# vermont compost



## grass hopper (Oct 31, 2015)

anyone tried vermont compost? comes in heavy plastic grain like bag. I mixed 5 parts ocean forest with 1 part VERMONT COMPOST. $ 40. bag. Now i have lots of burning and way narrow leaves. DO NOT LIKE. always use 80 -90% ocean forest . always works GREAT! guy talked me into that very expensive crap and boy does it suck. when u find something works great, dont screw with it. another hard lesson..


----------



## pcduck (Oct 31, 2015)

Did you allow your mixture to cook after mixing?

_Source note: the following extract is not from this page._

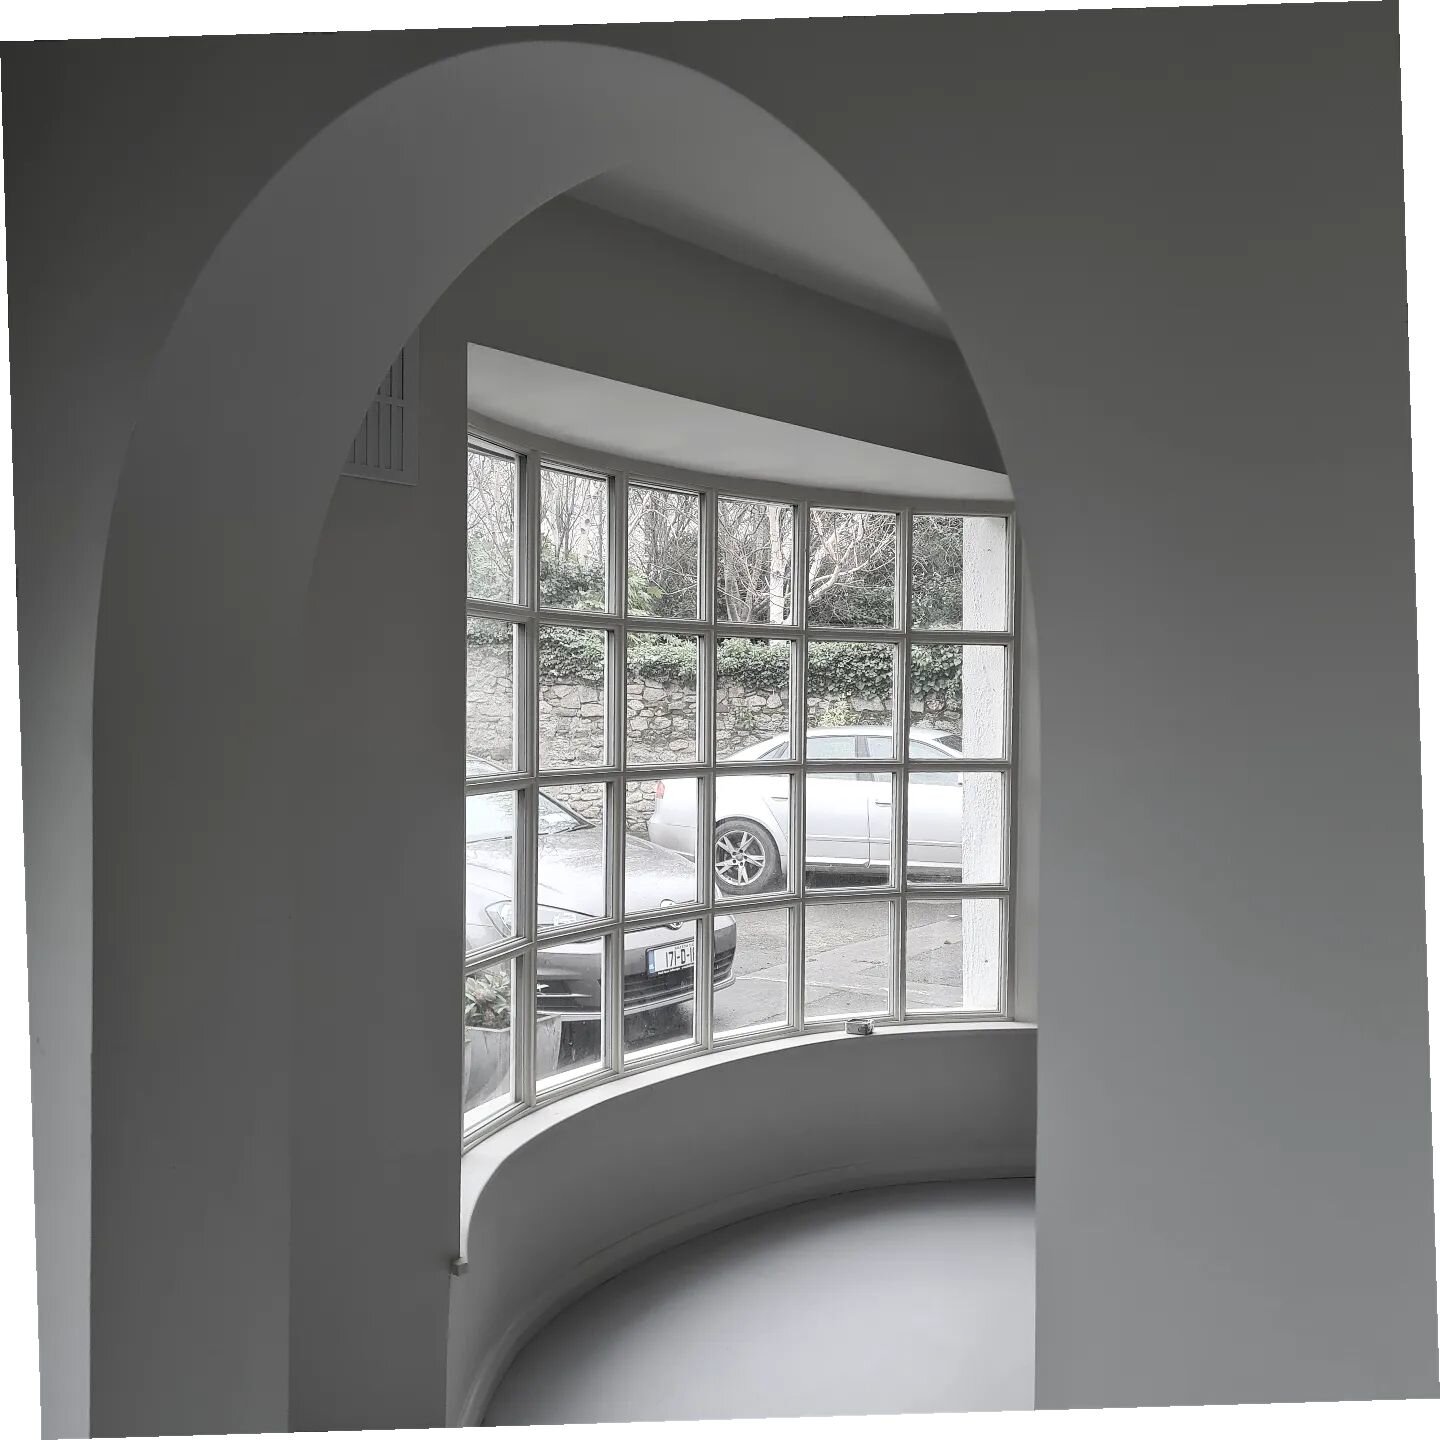 Curves for days ➰️ #midcenturyminimalism #marmoleum #arch #mewshousemakeover #interiordesigndream #dublinreno #marmoleum

Top dressing ot using as a tea may have been a better useage.


----------



## mrcane (Oct 31, 2015)

Have a friend back east says he loves it,, Plants right in the bag..


----------



## grass hopper (Oct 31, 2015)

mrcane said:


> Have a friend back east says he loves it,, Plants right in the bag..


 
thats what sales guy said. later said only 1 guy act. tried. only thing diff. i tried this year. now have lots of burning, yellowing and very thin, narrow new leaves on 2. a few dont seem to mind. most have these probs. so wish i did not use.


----------



## PERCHSLURP802 (Nov 22, 2015)

Honestly, your better off making your own compost, here in burlington where i am in vermont i hit up the bistro's on church street for there salad scraps. You'd be surprised how many buissness owners love supporting organic farmers, even if your doing it in a closet lol!


----------